**WHAT IS NEEDED:**
Below is a listing; write it out exactly and drop any images from it.

Start of SUPPLIED DATA

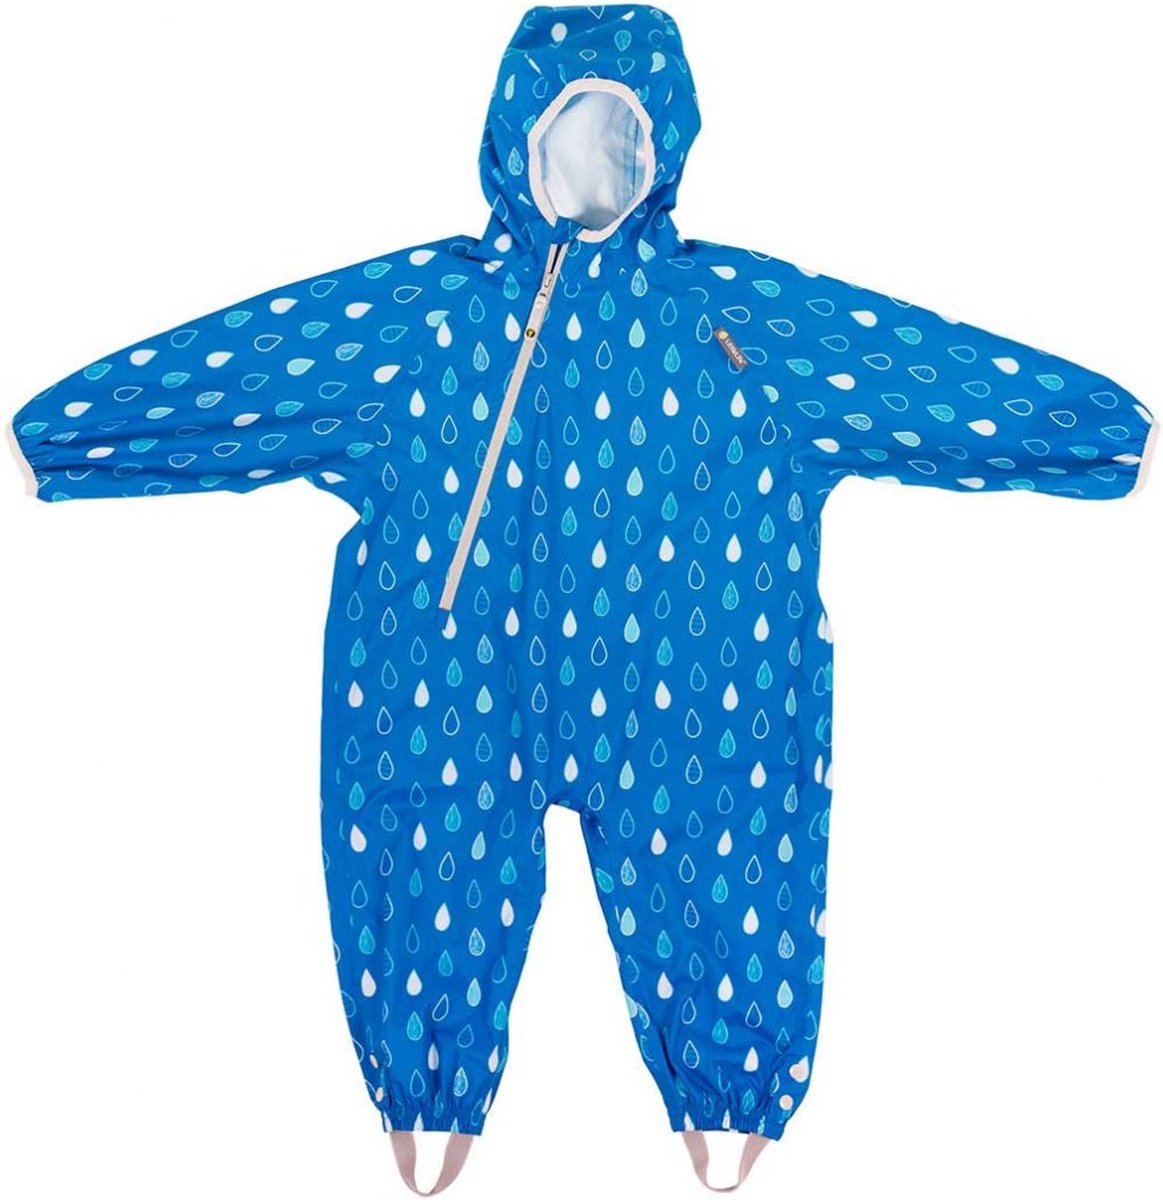 Lifemarque - Waterdichte all-in-one pak voor kinderen - Blauw - Regendruppels - Littlelife - maat M (12-18M)
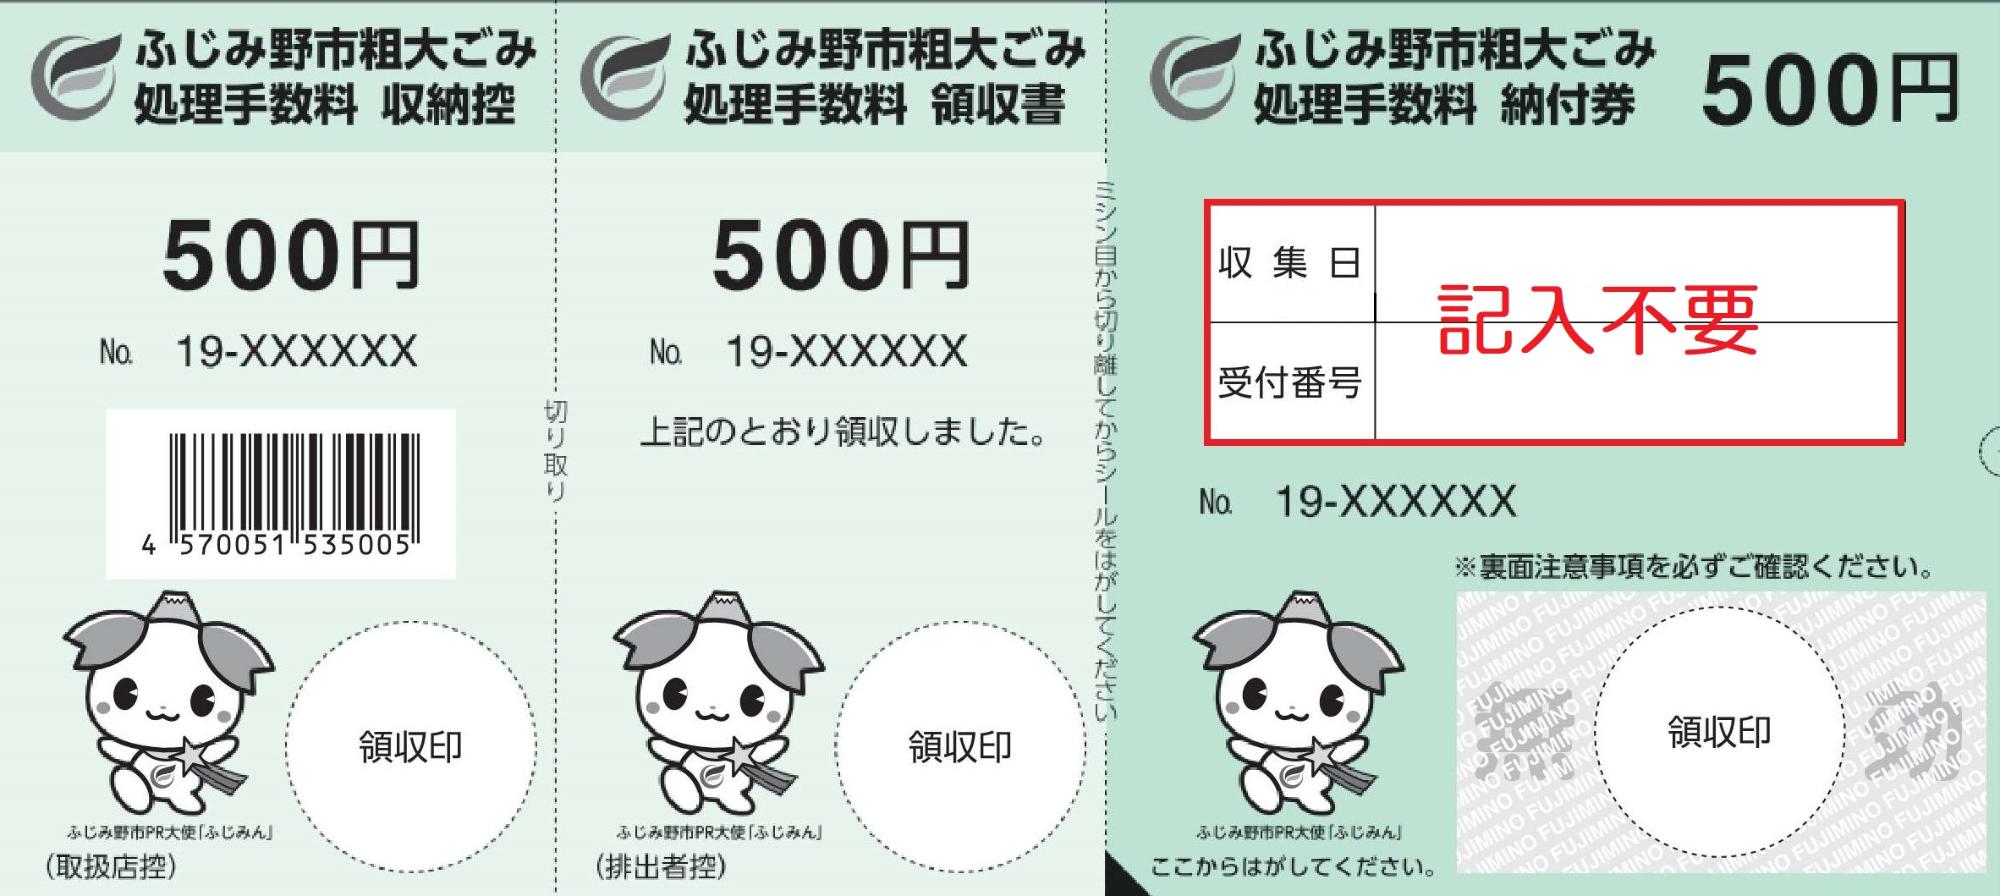 収集日と受付番号の欄に記入不要と書かれた５００円券の図
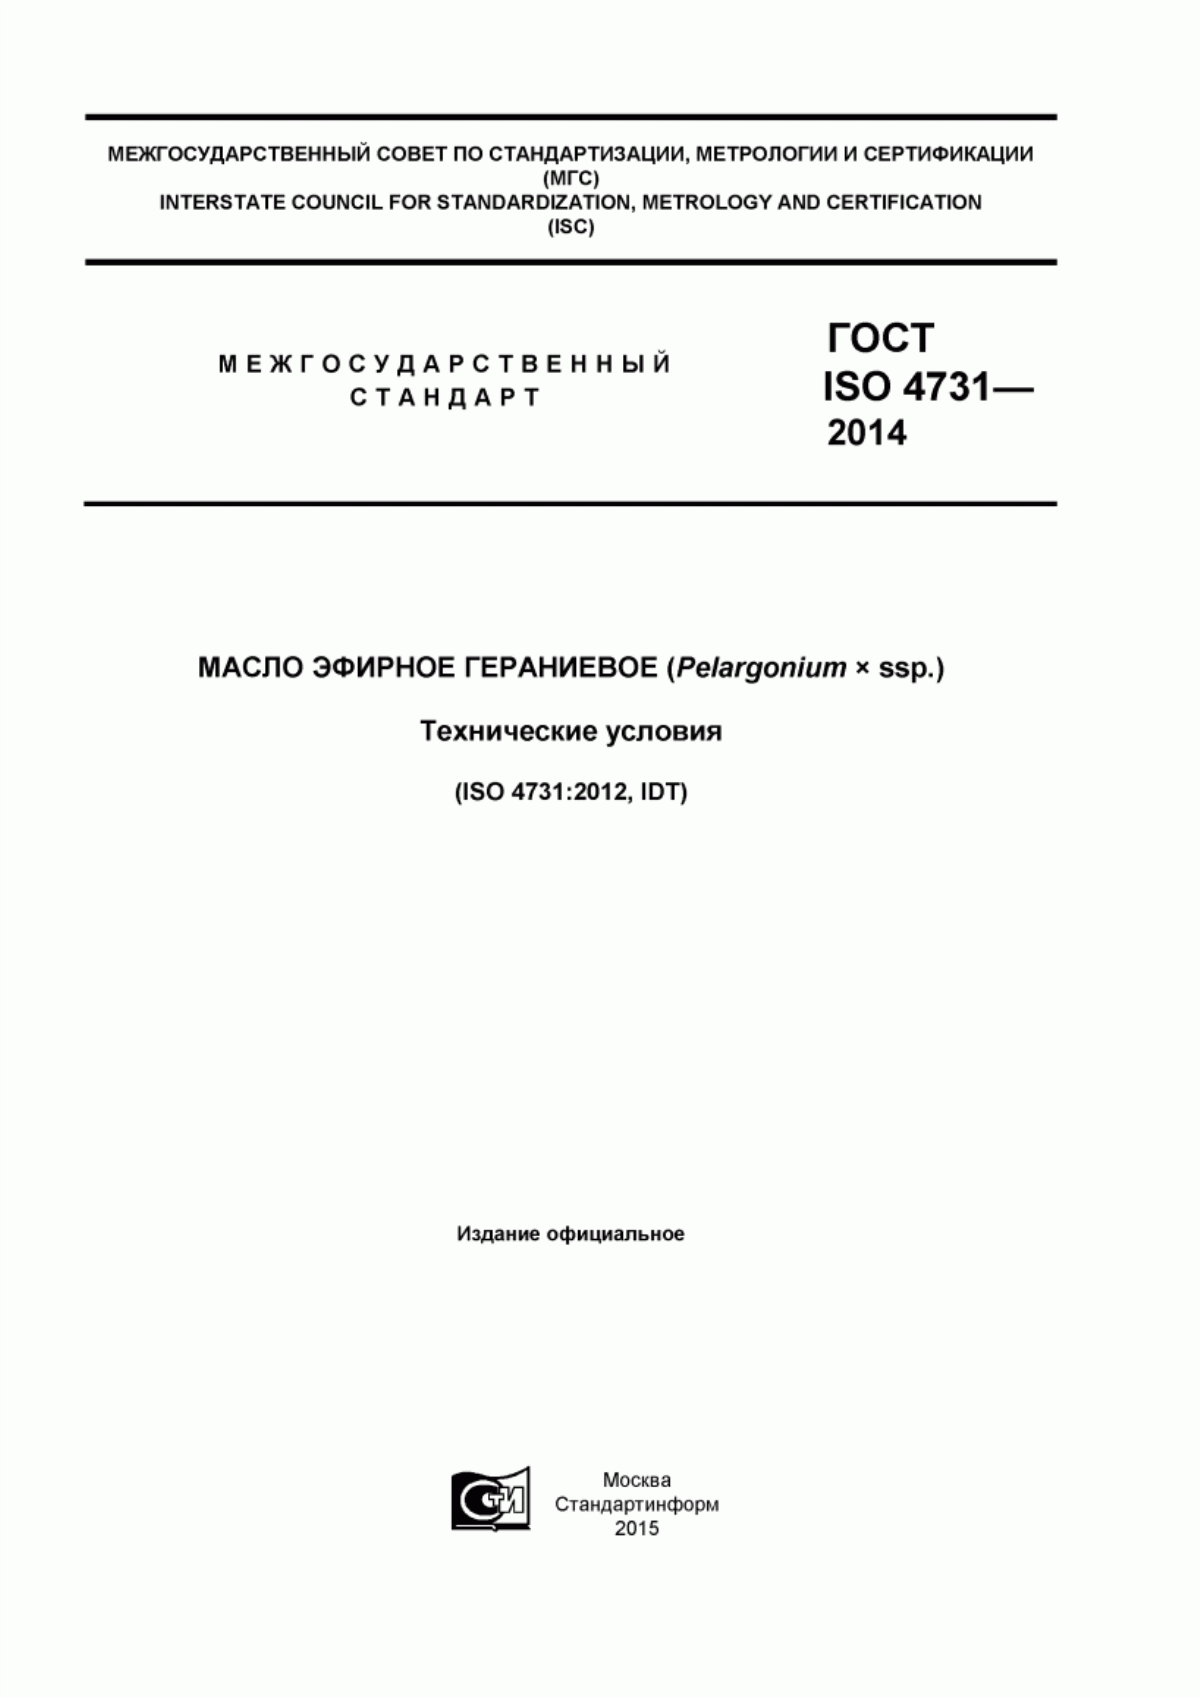 ГОСТ ISO 4731-2014 Масло эфирное гераниевое (Pelargonium x ssp.). Технические условия

End of SUPPLIED DATA

**ANSWER SECTION:**
 Lifemarque - Waterdichte all-in-one pak voor kinderen - Blauw - Regendruppels - Littlelife - maat M (12-18M)
 収集日と受付番号の欄に記入不要と書かれた５００円券の図
 ГОСТ ISO 4731-2014 Масло эфирное гераниевое (Pelargonium x ssp.). Технические условия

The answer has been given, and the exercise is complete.